Here's what makes this worse. When the International Chamber of Commerce updated Incoterms in 2020, they upgraded CIP from ICC (C) to ICC (A). Most traders missed it entirely. If you're still quoting CIP the way you did under Incoterms 2010, you're underinsuring by default.
The gap between what traders think Incoterms require and what they actually require is where cargo goes uninsured.
The CIF Misconception: ICC (C) is the Legal Minimum
CIF (Cost, Insurance, and Freight) is sea-only. You cover the goods, the freight, and the basic insurance cost. But "basic" is the operative word. The Incoterms 2020 Rules state that the seller must arrange insurance with a minimum cover of ICC (C) conditions.
ICC (C) is fire, explosion, stranding, collision with external objects, jettison, and a few other perils. It's the narrowest hull-and-cargo policy available. Not included: theft, water contamination, loss of market, delay, or your buyer's factory shutting down because the shipment didn't arrive. Your buyer thinks they're covered for everything. They're not.

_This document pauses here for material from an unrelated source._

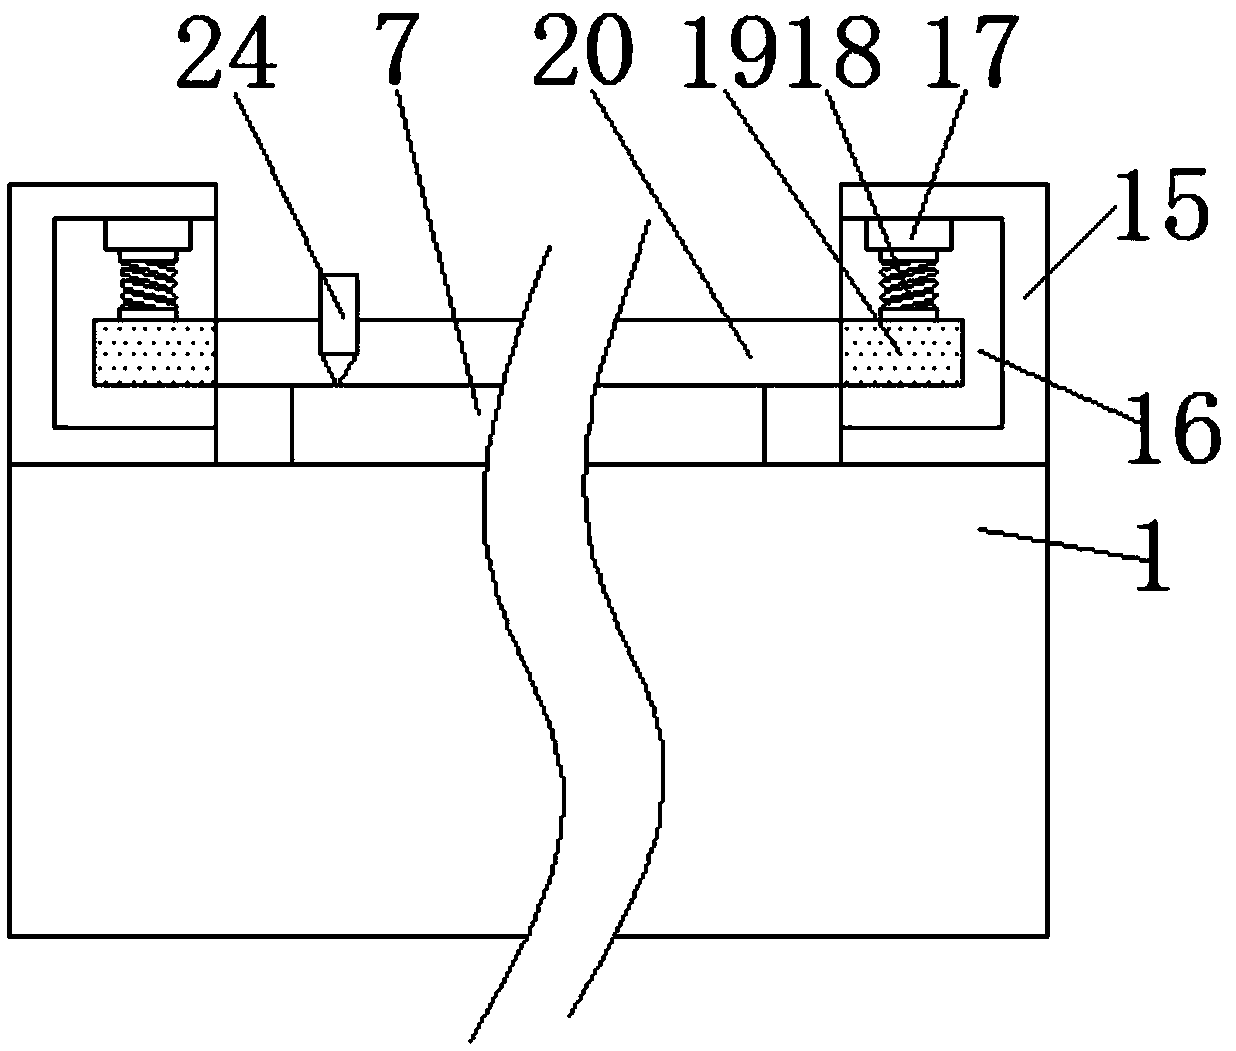 Device for cutting textiles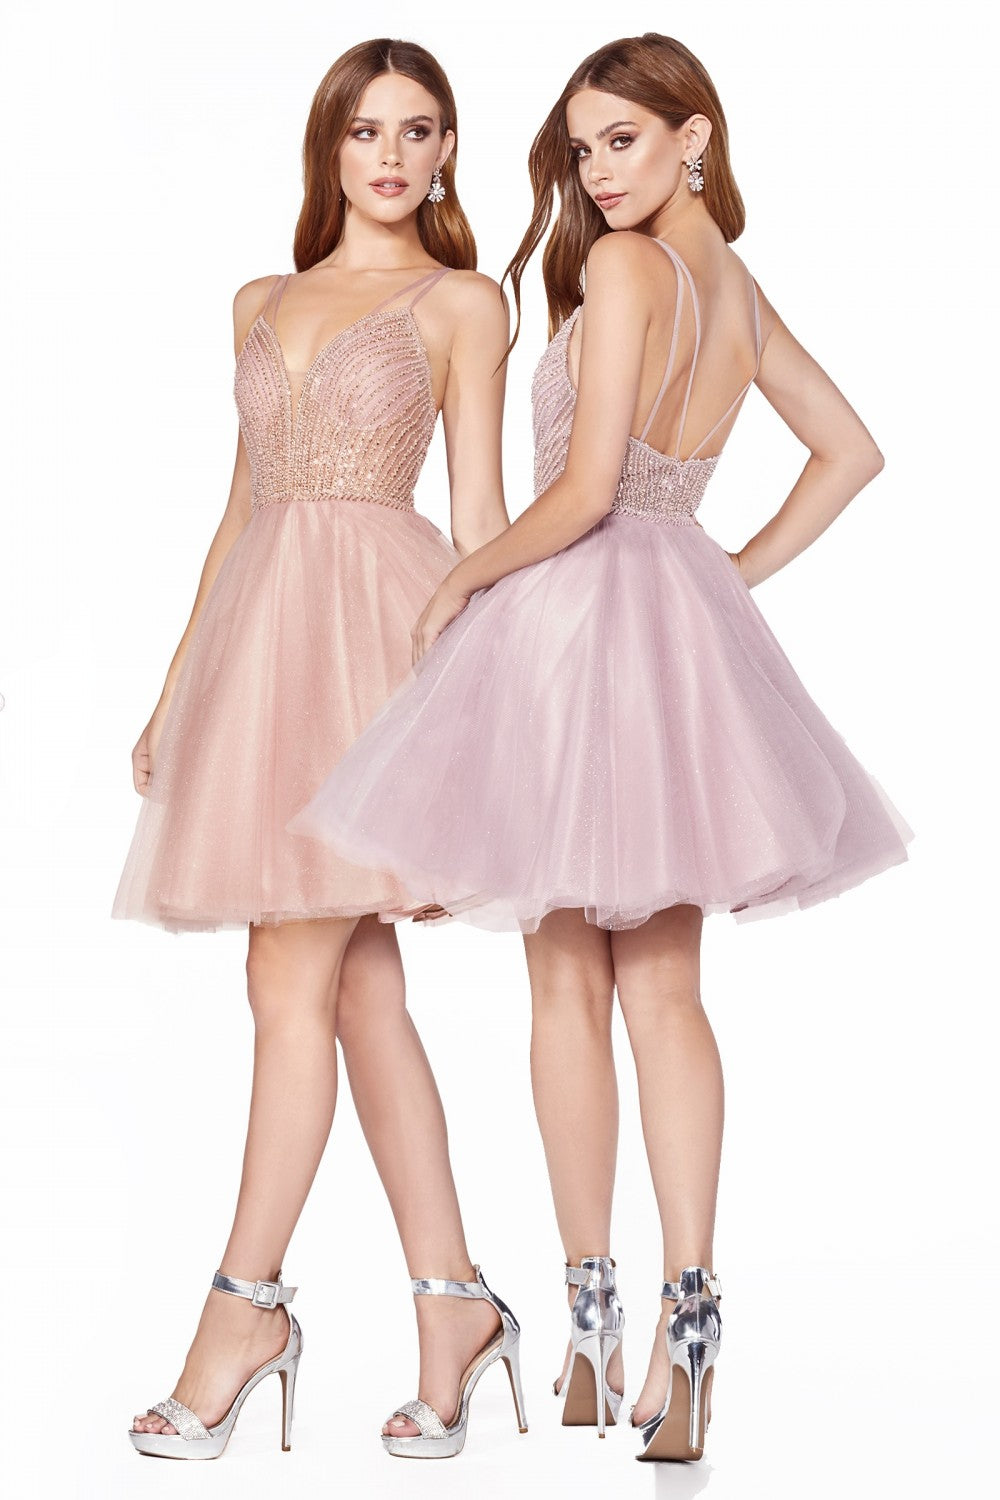 A-line Short Cocktail & Homecoming Dress Embellished Sleeveless Bodice Layered Tulle Glitter Skirt Playful Backless Style CDCD0148 Elsy Style Cocktail Dress

Most traders assume CIF equals full insurance. The contract says "insured cargo." The invoice shows an insurance line item. Your buyer reads that and thinks they're protected. Then a shipment gets wet in a port warehouse, and the claim gets denied. It's not covered under ICC (C).
This is legal compliance, not best practice. Voyage sees exporters upgrade to ICC (A) or ICC (B) almost always, because a lost customer is worse than the insurance premium difference.
The CIP Upgrade Nobody Noticed
CIP (Carriage and Insurance Paid to) works for any transport mode. Before Incoterms 2020, CIP required ICC (C), the same as CIF. In 2020, the International Chamber of Commerce upgraded the requirement to ICC (A).
That's a major change. ICC (A) is all-risks (with standard exclusions). Water damage is in. Theft is in. Contamination is in. Your buyer gets materially more protection than they got five years ago under the same term.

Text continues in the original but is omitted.